Write \(X_i - Y_i = r_i Z_i\) with \(r_i\) i.i.d. Rademacher and \(Z_i \sim \mathrm{Bernoulli}(2q(1-q))\). Since even moments of a standard Gaussian \(g_i\) dominate those of a Rademacher and odd moments vanish for both, \(\mathbb {E}[(\sum _i r_i Z_i)^c] \le \mathbb {E}[(\sum _i g_i Z_i)^c]\). As \(\mathbb {E}[Z_i^k] = 2q(1-q)\) for all \(k \ge 1\), comparing moments gives \(\sum _i g_i Z_i \sim 2q(1-q)\sum _i g_i \sim 2q(1-q)\mathcal{N}(0,n)\), so

\[ \mathbb {E}\Big[\big(\sum _i g_i Z_i\big)^c\Big] = (4nq^2(1-q)^2)^{c/2}\frac{c!}{2^{c/2}(c/2)!} \le (4nq^2(1-q)^2 c)^{c/2} \le (2q\sqrt{nc})^c , \]

where the first inequality uses Stirling (Lemma 5).

Corollary 37 Non-bipartite giant component [Corollary IV.4]

Let \(G\) be any \(d\)-regular \(\lambda \)-spectral expander on \(n\) vertices and suppose for some positive \(\epsilon \) assumptions (1)–(4) of Theorem 27 hold. Then with probability at least \(1 - \tfrac {6}{n}\):

  1. \(G(p)\) has a non-bipartite giant component of size at least \(n\Big(1 - \tfrac {e^2 p^{\lambda (1-\frac{1}{3+\epsilon })}}{(1-pe^{1/\lambda })^2}\Big)\);

  2. every vertex is either in a component of size at most \(k\) (with \(k\) as in Theorem 27) or in a component of size \({\gt} n/2\).

Proof

Use “edge sprinkling”: let \(q = pe^{1/\lambda }\). Create \(G(p)\) in two steps: Step 1 forms \(G(q)\) by deleting edges with probability \(q\); Step 2 adds back each absent edge of \(G\) with probability \(1 - \tfrac {p}{q}\). By Theorem 29 applied with \(q\), with probability \(\ge 1 - \tfrac 5n\) the graph \(G(q)\) has a giant component \(C\) of size \(n(1-s)\), \(s = \tfrac {e^2 p^{\lambda (1-\frac1{3+\epsilon })}}{(1-pe^{1/\lambda })^2}\). If \(C\) were bipartite with sides \(L \supseteq R\), \(r = |R|/n \ge \tfrac {1-s}{2}\), then by the Expander Mixing Lemma (Lemma 9) there are at least \(n(dr^2 - (d-\lambda )r(1-r))\) edges of \(G\) inside \(R\); assumption (3) makes this \(\ge \tfrac {n\epsilon }{4}\). The probability Step 2 adds no edge inside \(R\) is at most \((p/q)^{n\epsilon /4} \le \exp (-\tfrac {n\epsilon }{4\lambda }) \le \tfrac 1n\). Hence with probability \(\ge 1 - \tfrac 5n - \tfrac 1n\) there is a non-bipartite giant component, and the second statement follows from Theorem 29.

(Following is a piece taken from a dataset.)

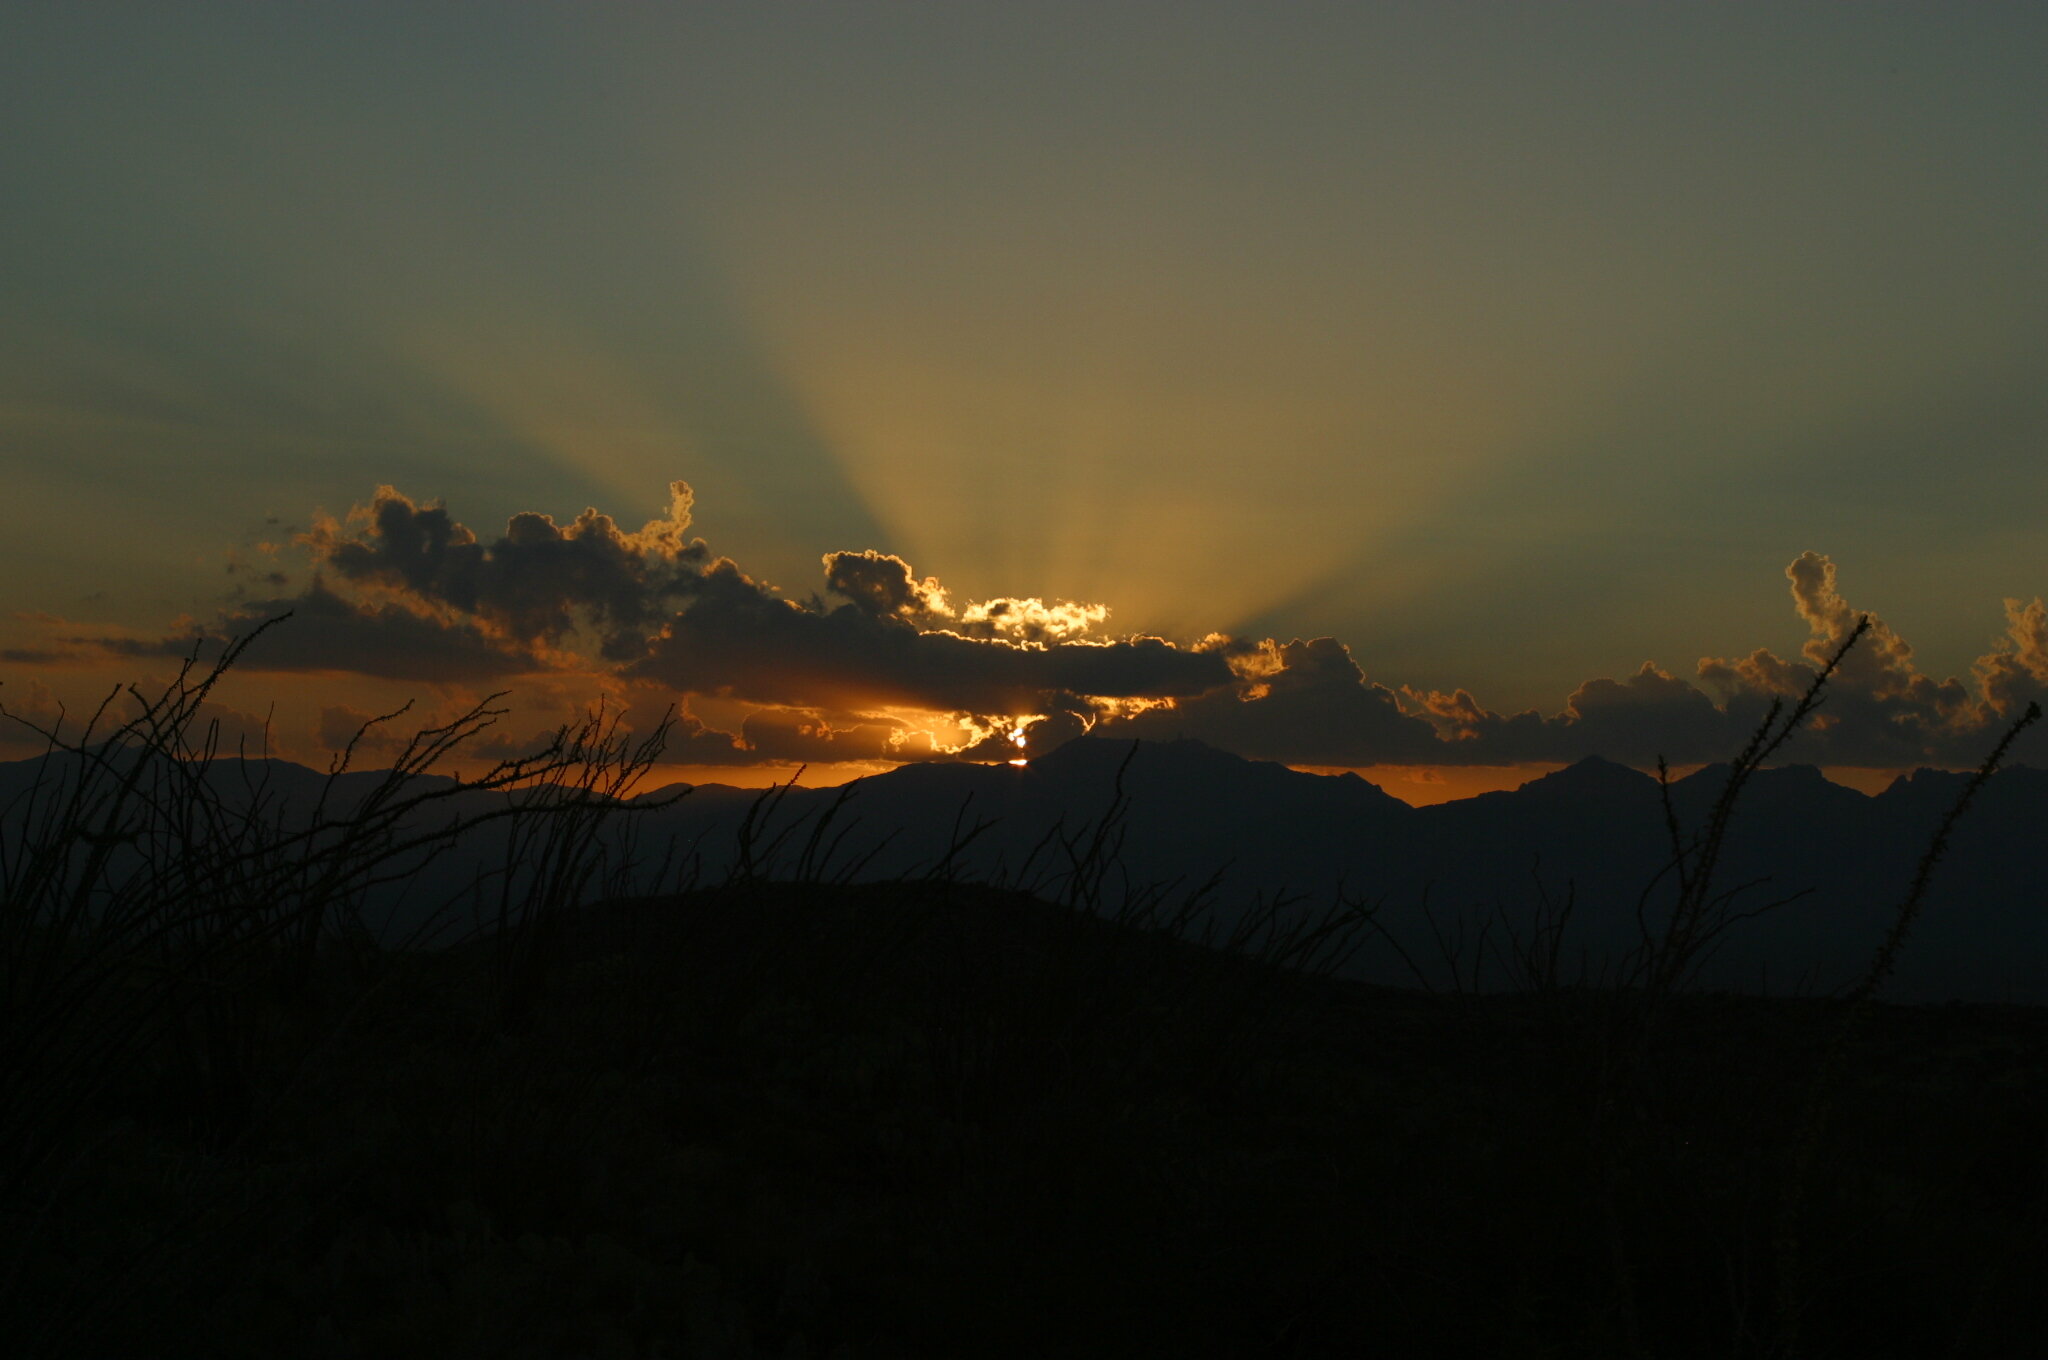  Cumulus and sun-ray shadows, Ravenrock, Southern Arizona, USA, by Roseann Hanson

Proposition 38 Lower bound on random error \(\geq p^d/(1-p^d)\) [Remark IV.2]

For a graph assignment scheme with replication factor \(d\), \(\tfrac 1n\mathbb {E}[|\overline{\alpha ^*} - \mathbb {1}|_2^2] \ge p^d\), because \(p^d\) is the probability that a fixed data block is stored only at straggling machines. Theorem 27 therefore implies the variance of \(\alpha ^*\) shrinks exponentially in \(d\); for Ramanujan graphs (\(\lambda \ge d - 2\sqrt{d-1}\)) the bound is tight up to factors in the exponent.